• Supplied information:
:::

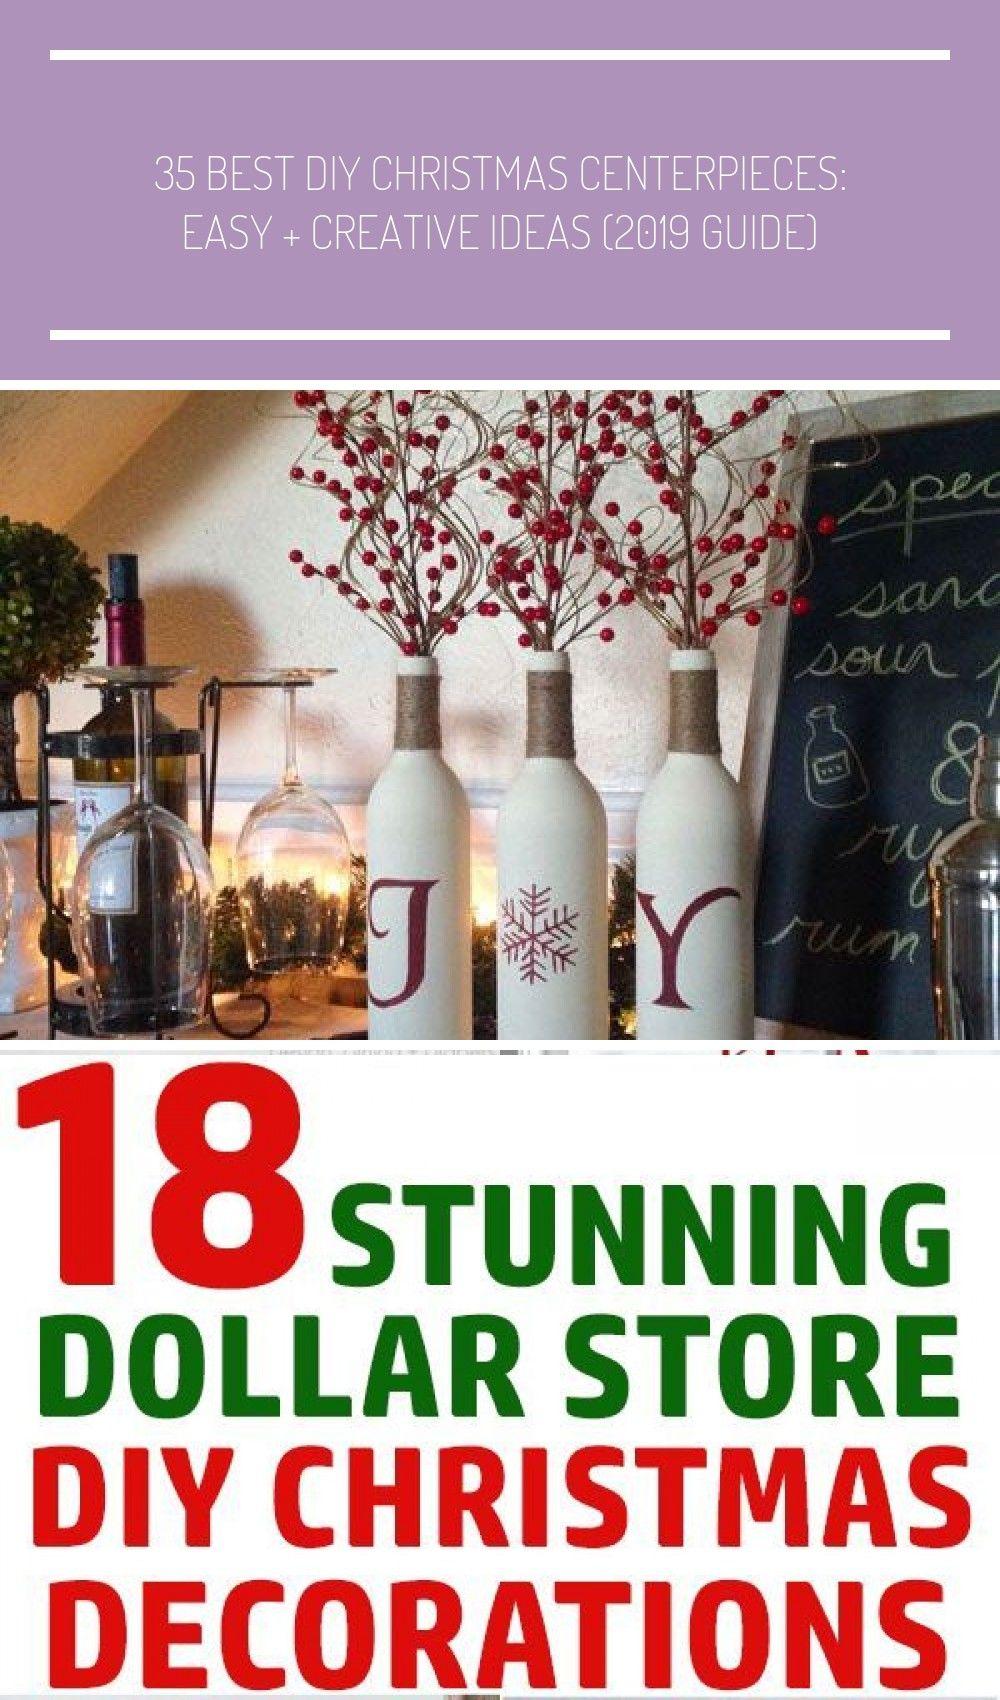 Inexpensive Christmas Centerpiece Ideas - Christmas Decorations, Christmas Centerpieces, DIY Christ
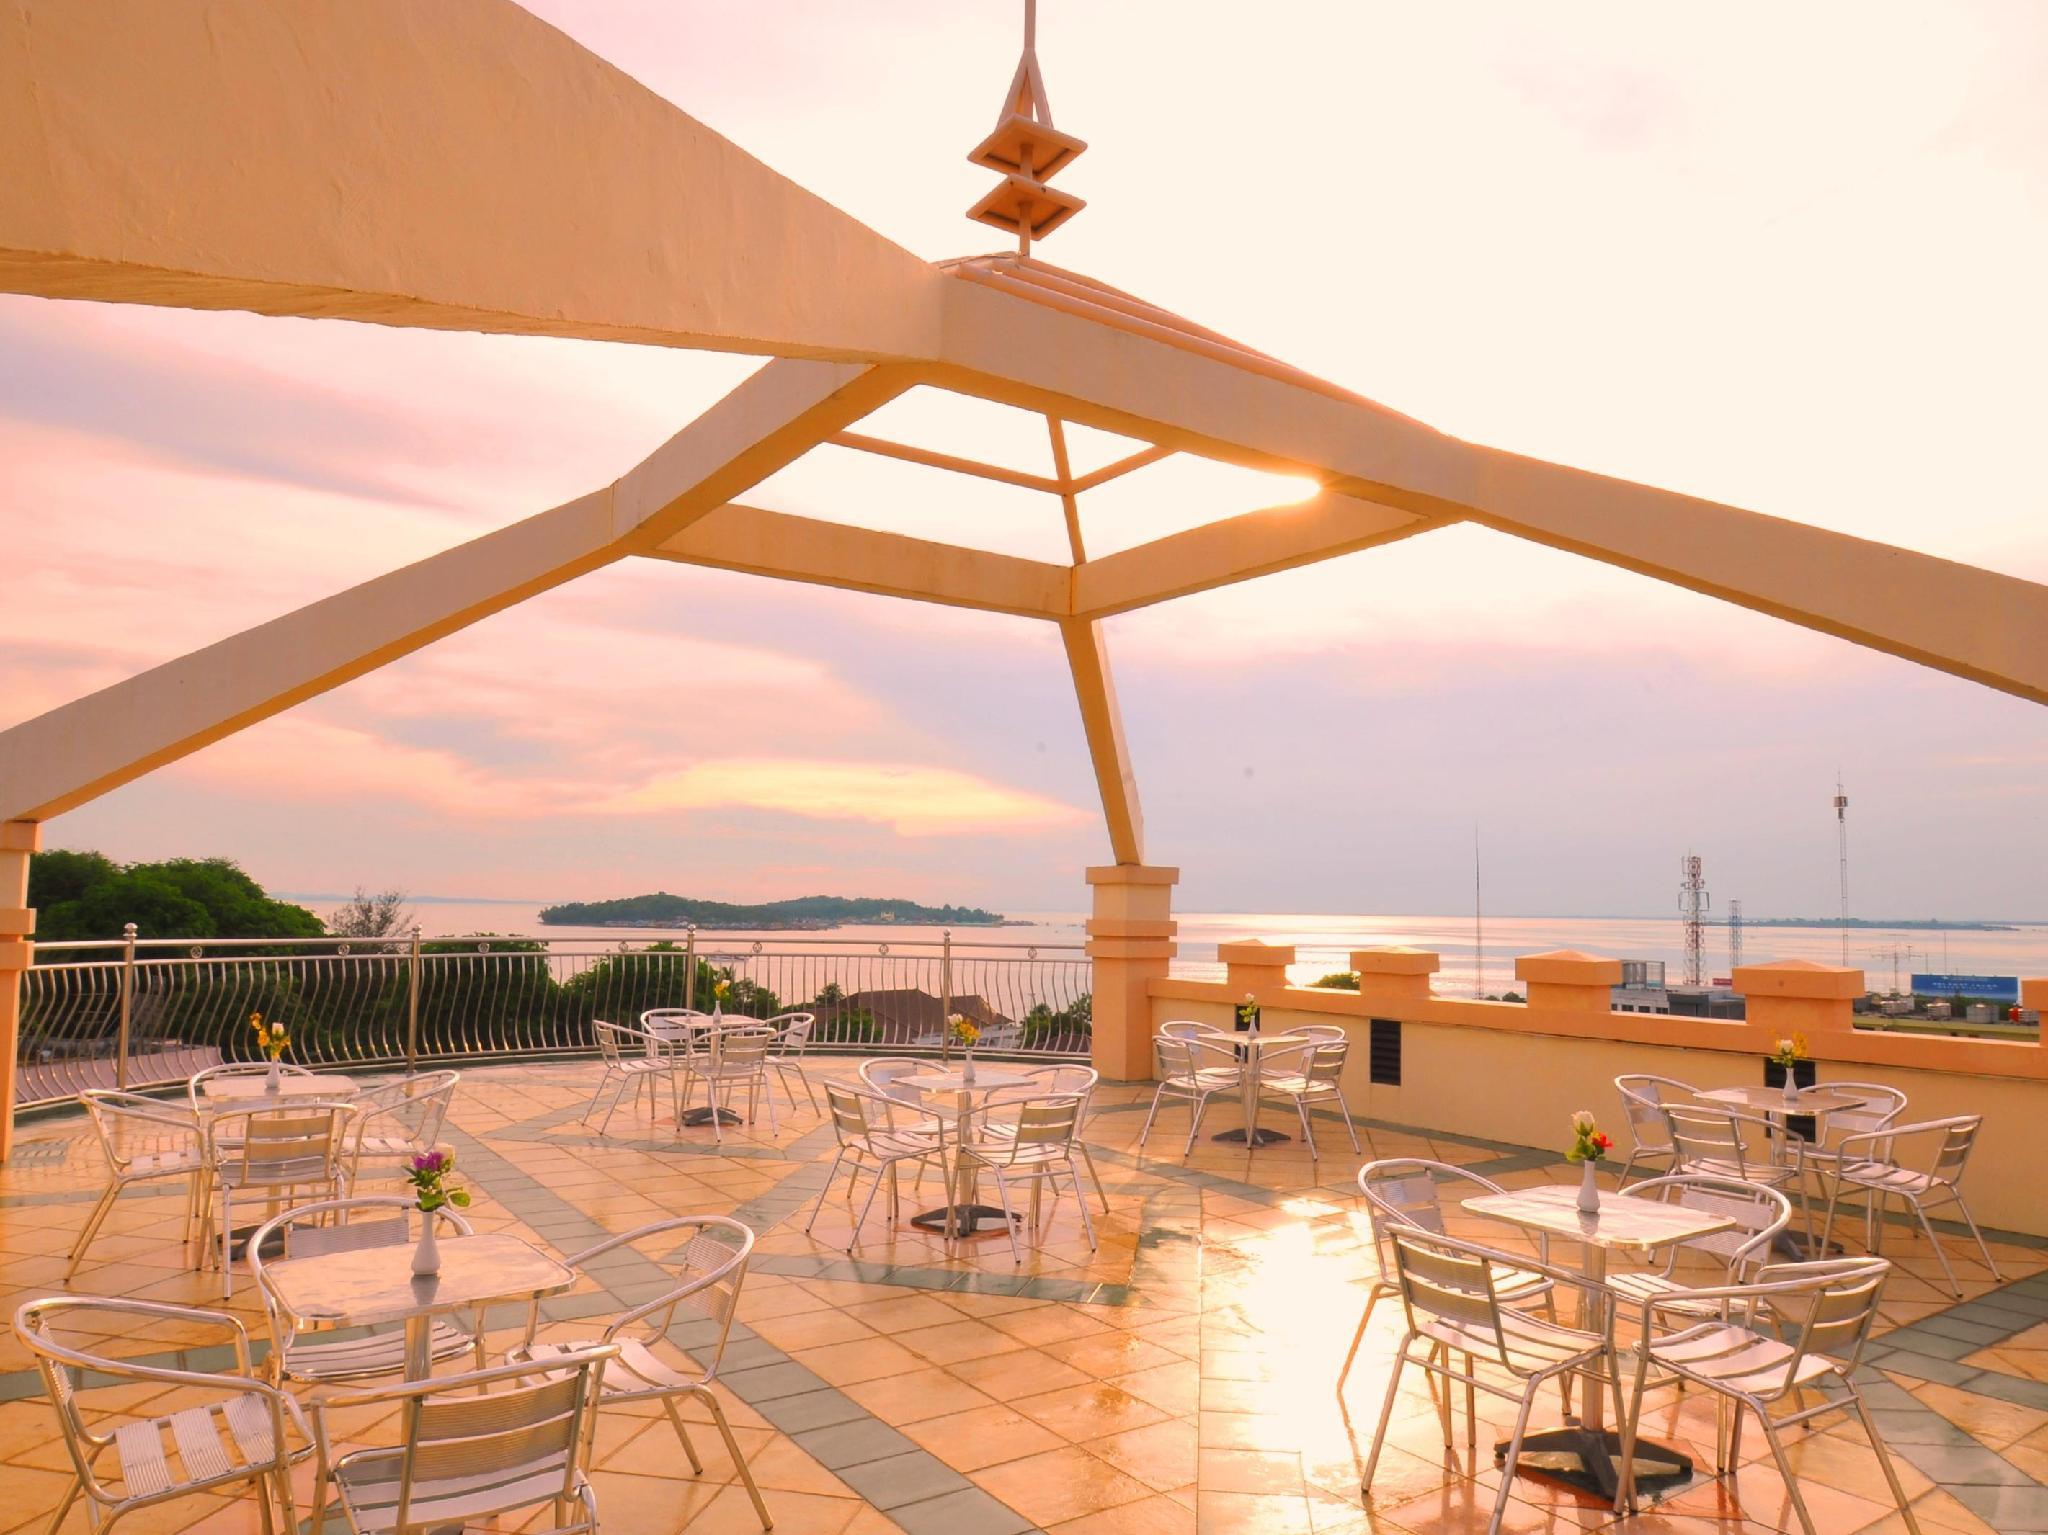 Hotel Laguna, Tanjung Pinang
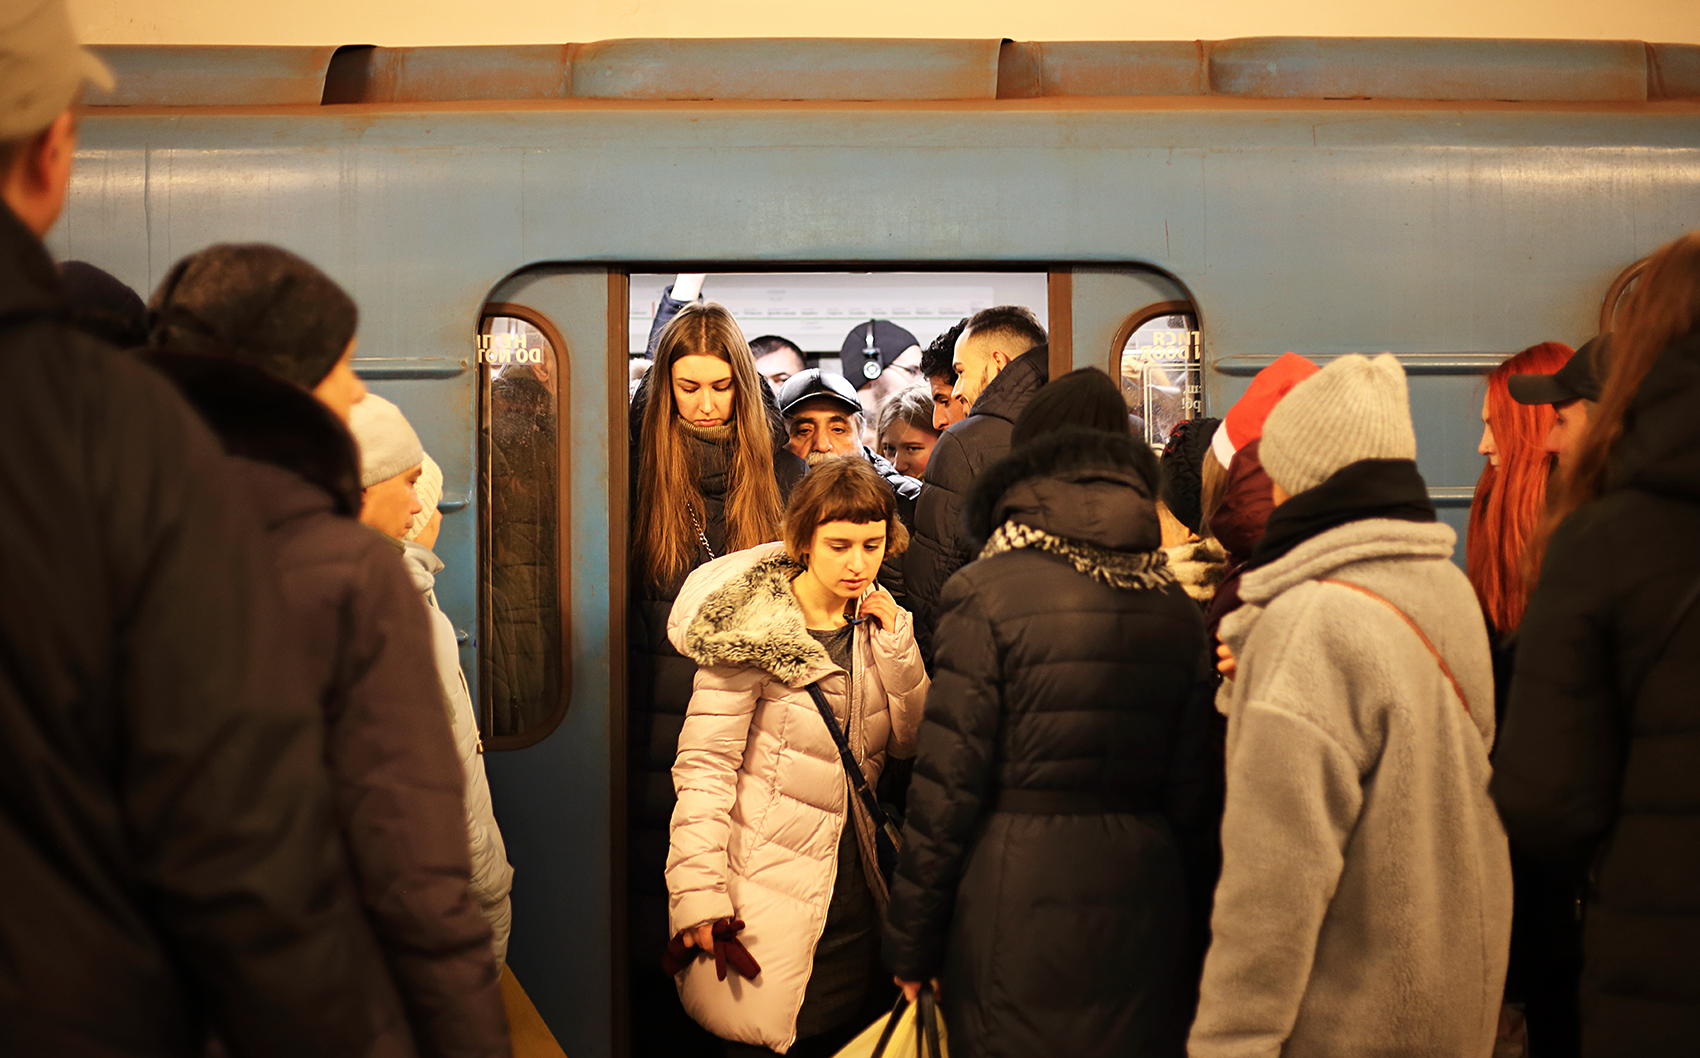 misure giuste S. Costa the metro

:::

• Problem description: With the pictures left out, give again exactly the lines from the one with "Hotel Laguna, Tanjung Pinang" through the end of the data, both included.

• Answer section:
 Hotel Laguna, Tanjung Pinang
 misure giuste S. Costa the metro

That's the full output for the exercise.